▸ Exercise data
********

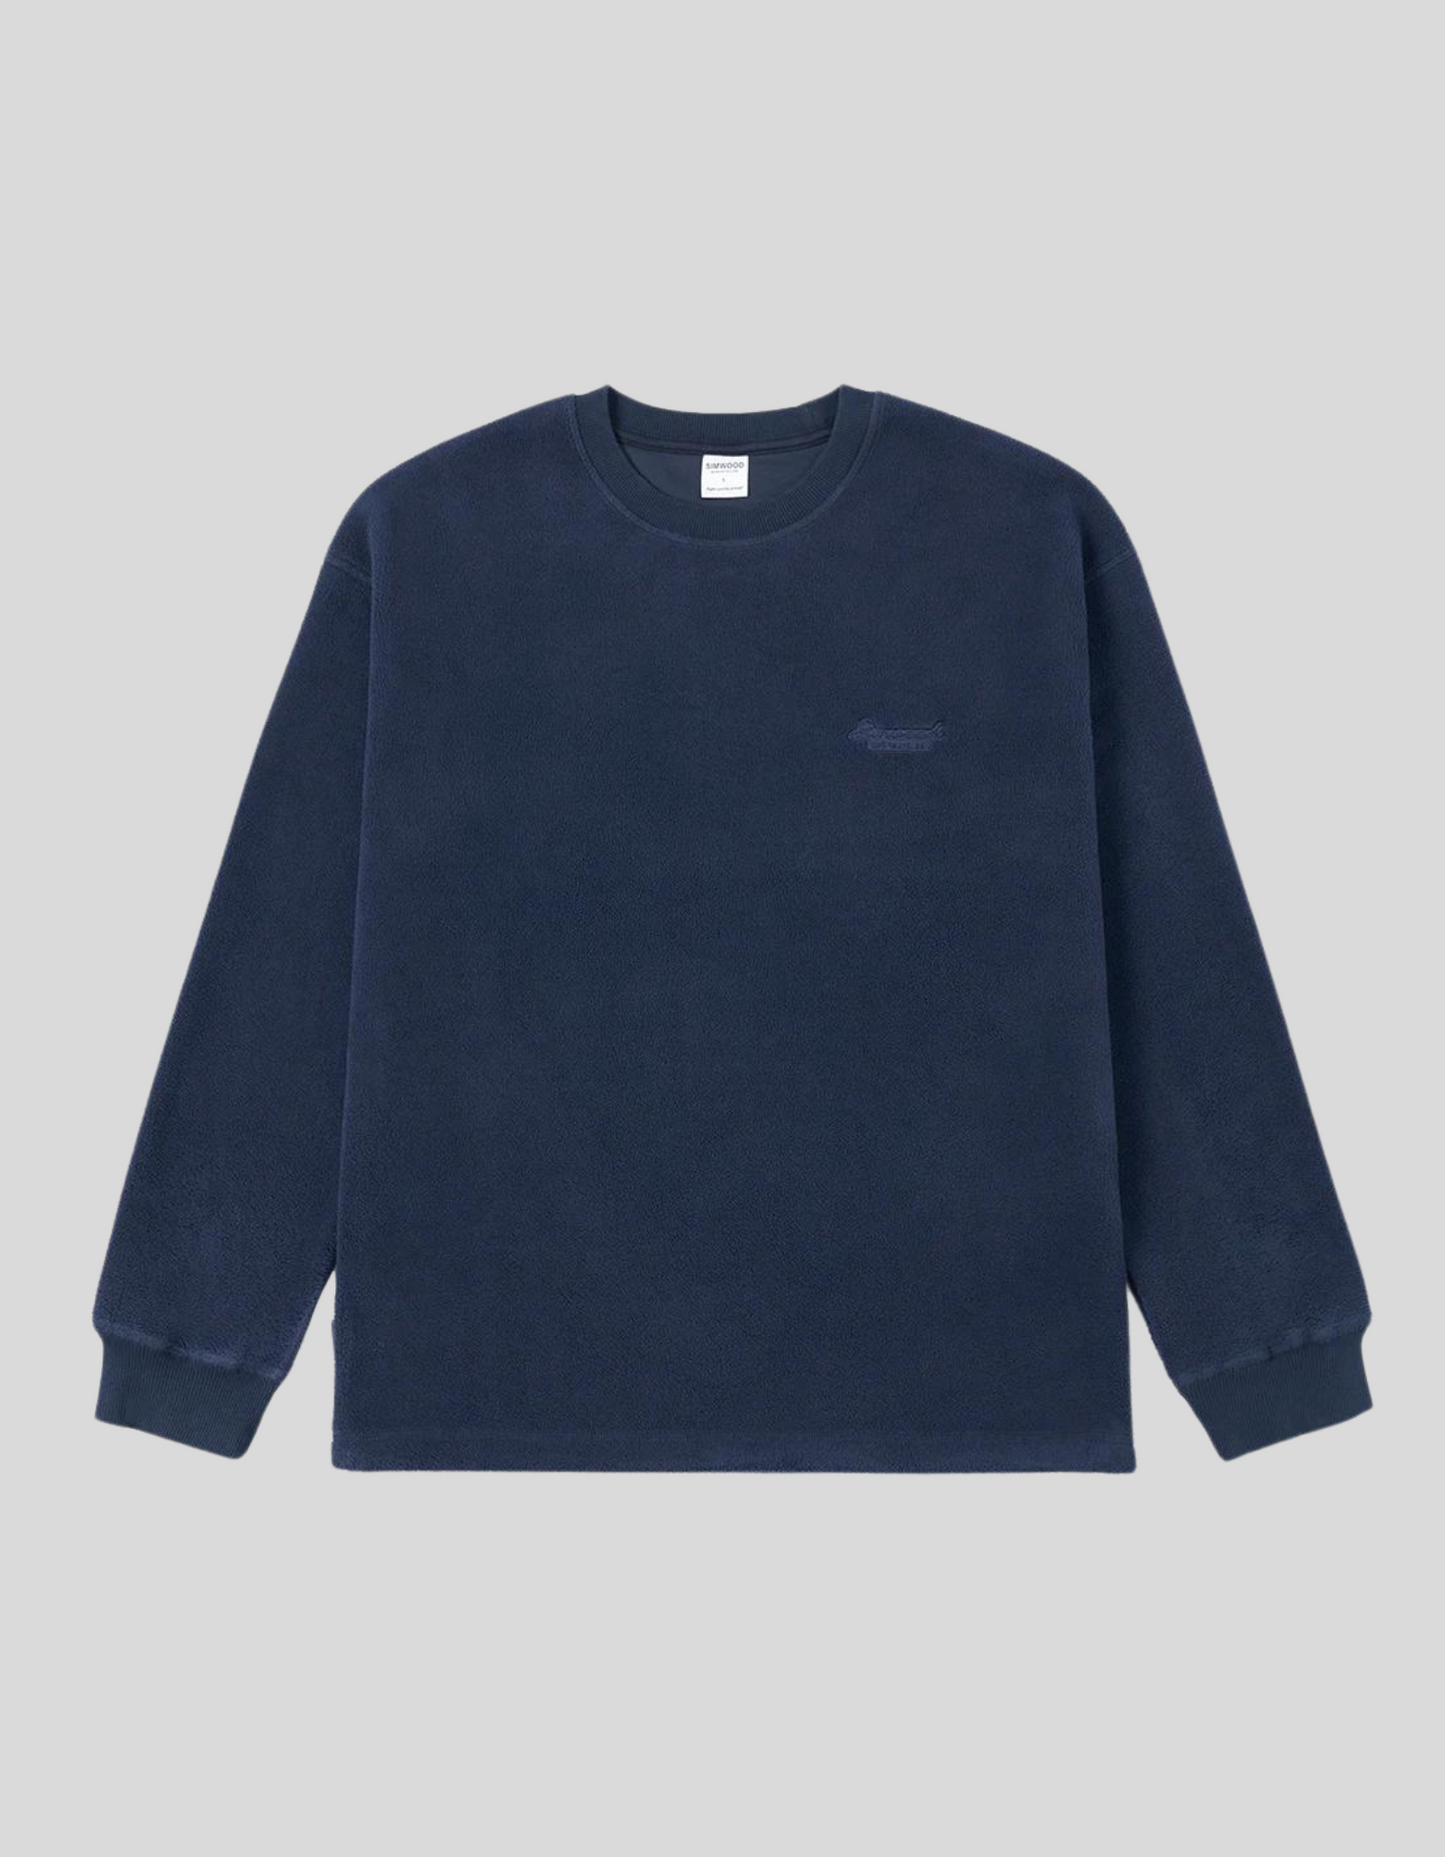 SIMWOOD 330g/sm Men's Navy Blue Polar Fleece Fabric Sweatshirts
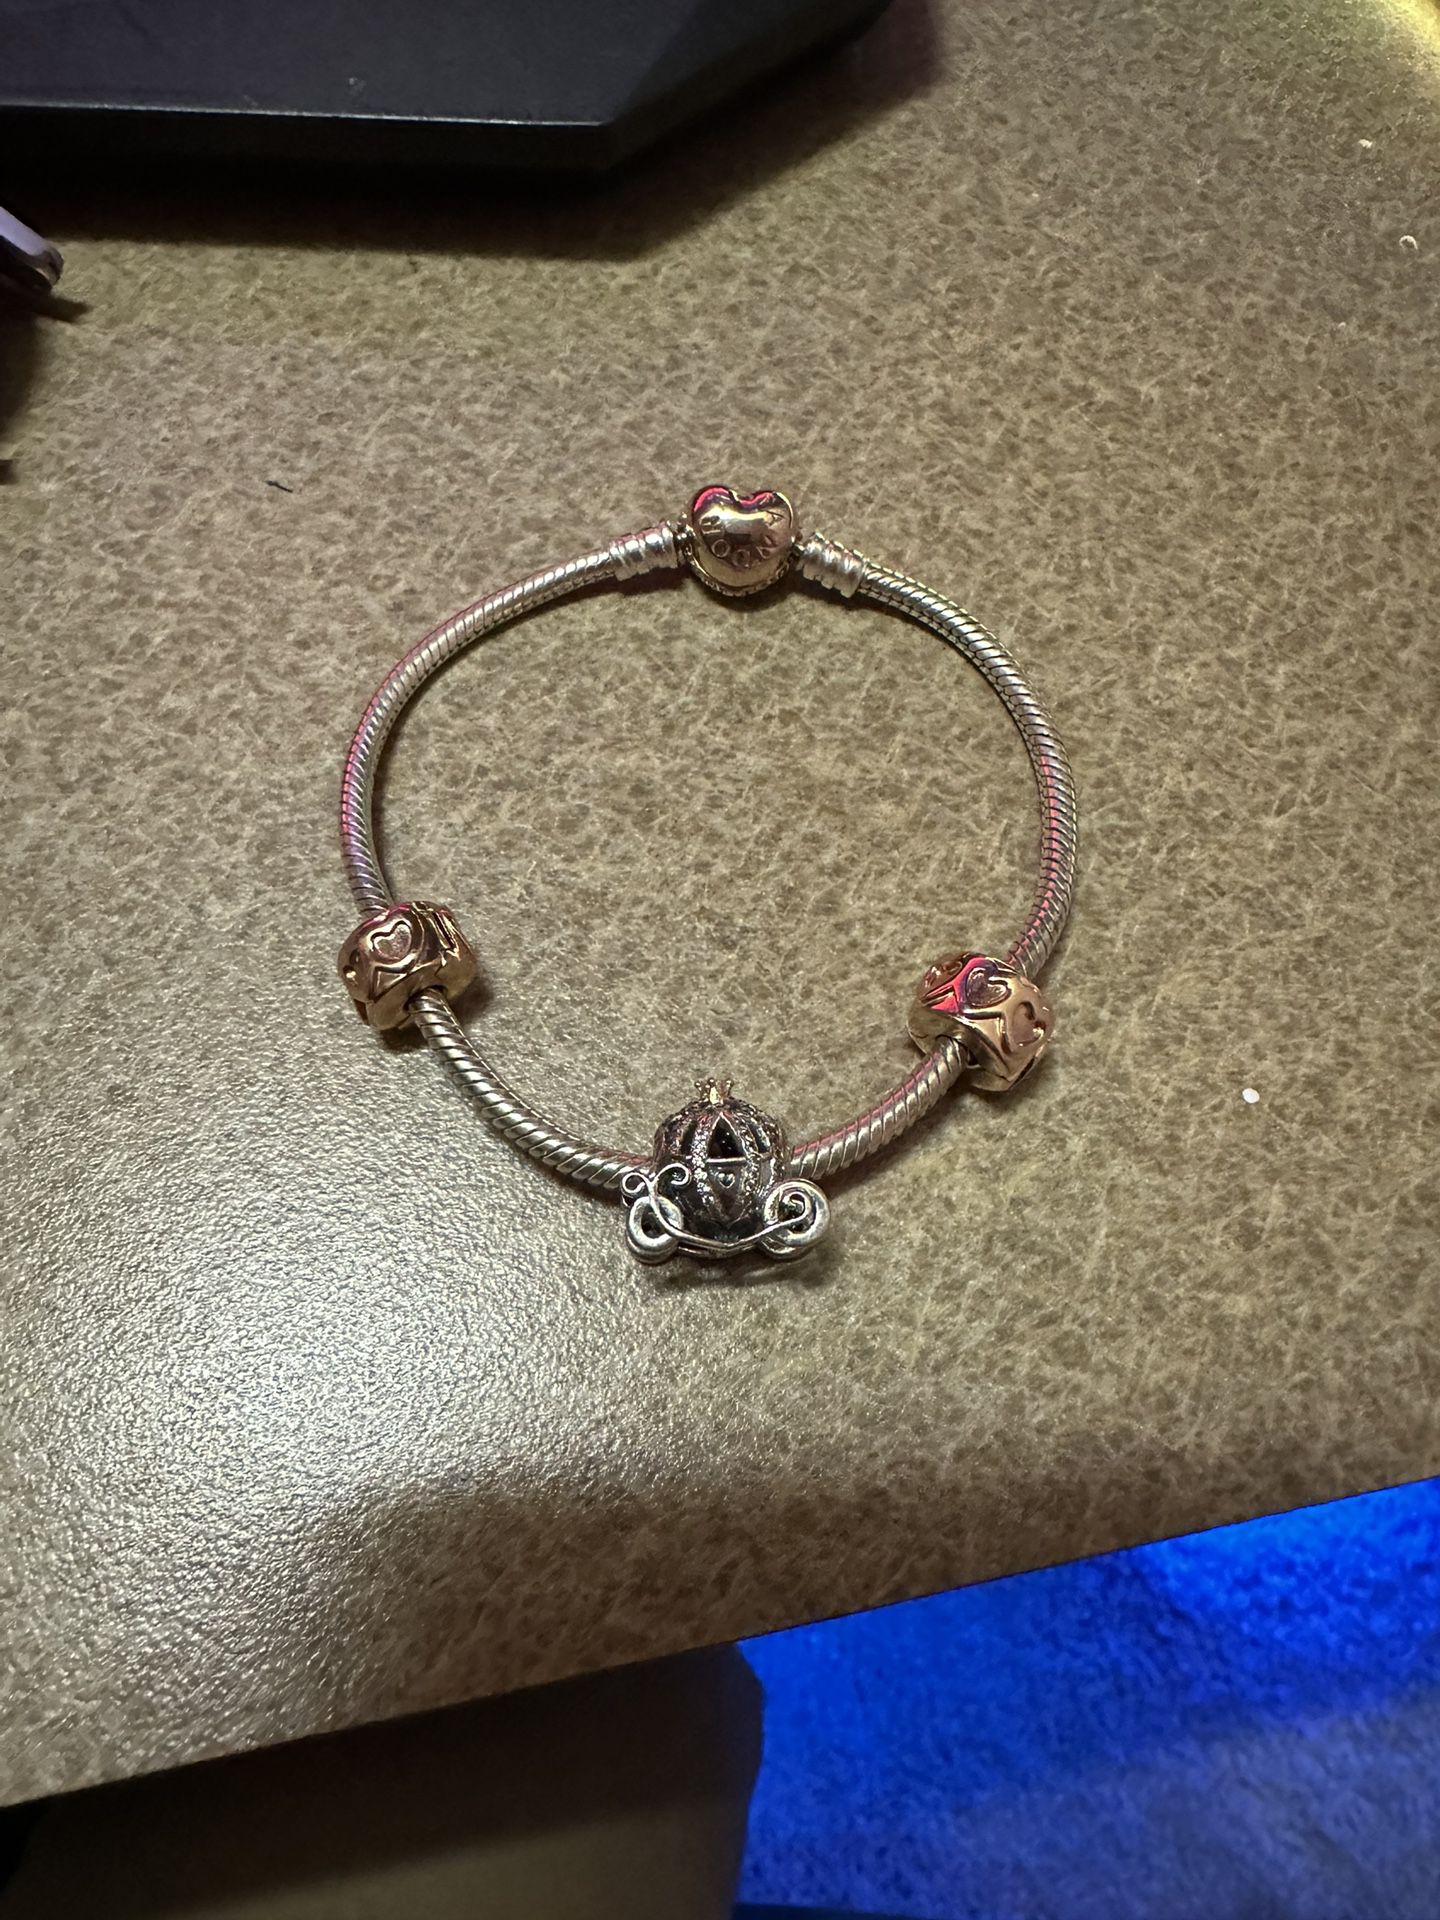 Pandora Charm Bracelet
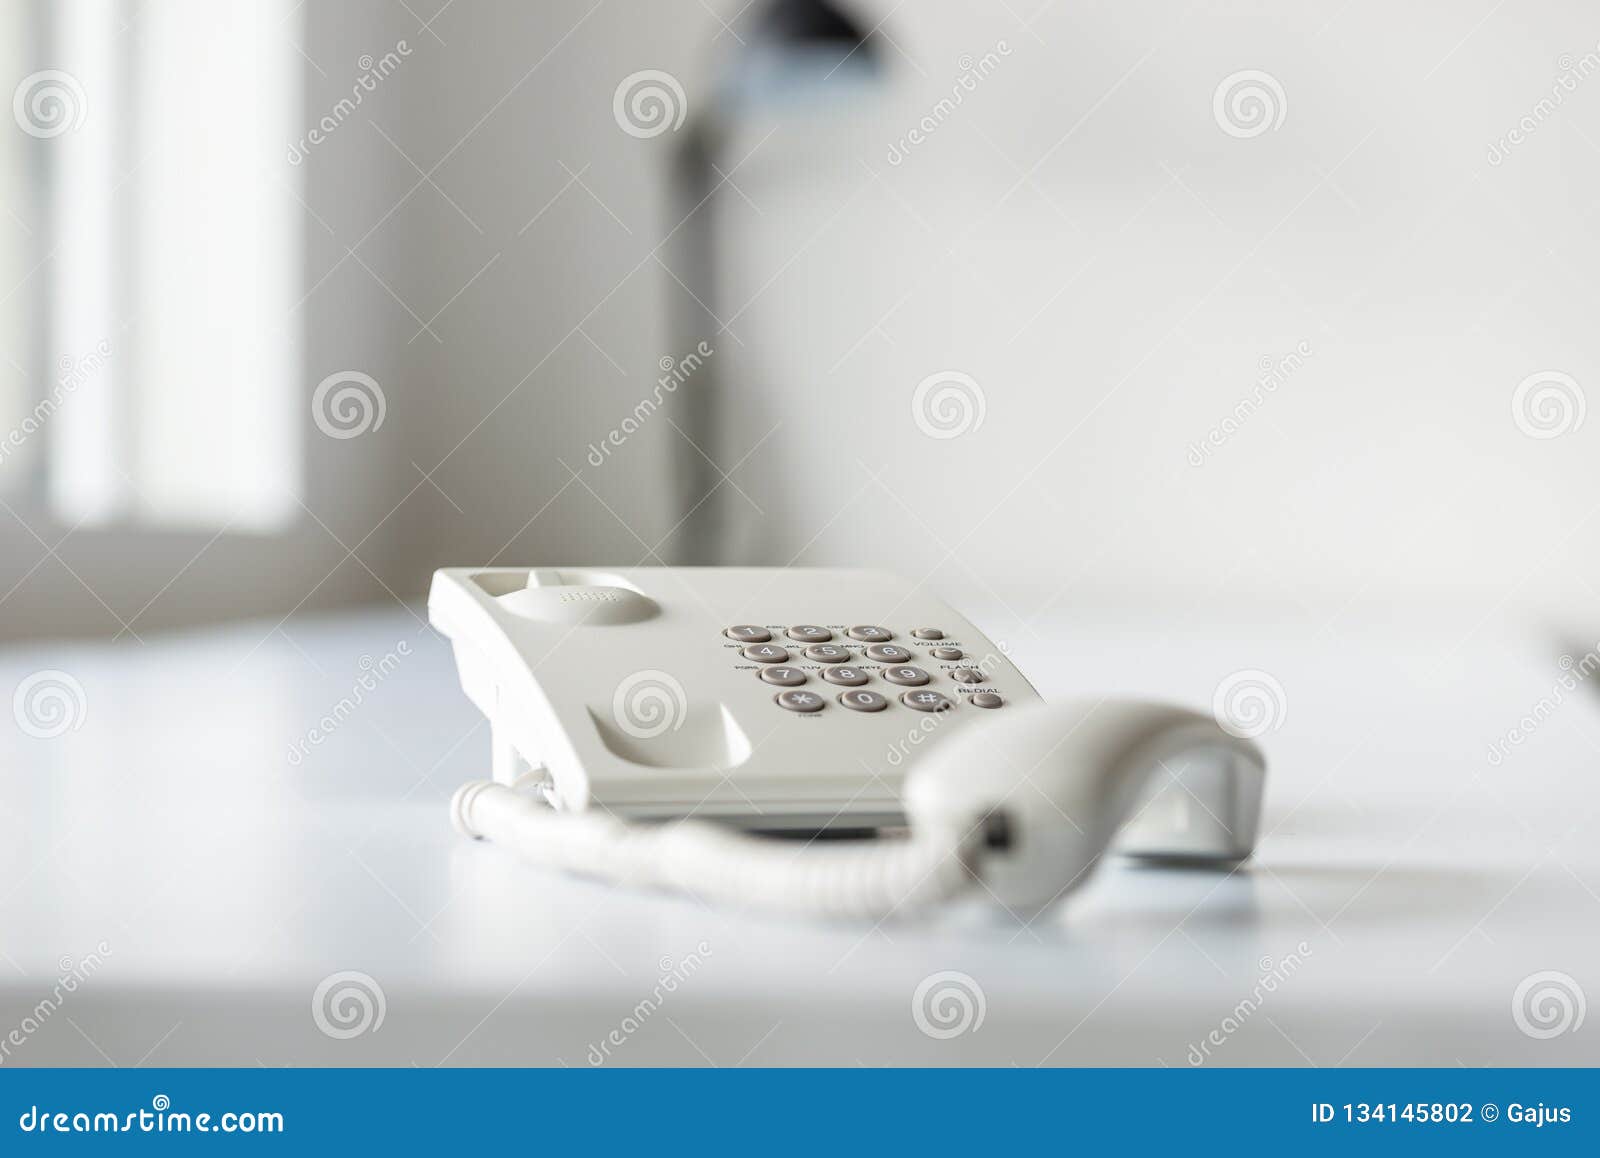 white landline telephone with handset off line

********

▸ Required work
The reply should repeat the listing above exactly and contain no pictures.

▸ Task answer
 SIMWOOD 330g/sm Men's Navy Blue Polar Fleece Fabric Sweatshirts
 Pandora Charm Bracelet
 white landline telephone with handset off line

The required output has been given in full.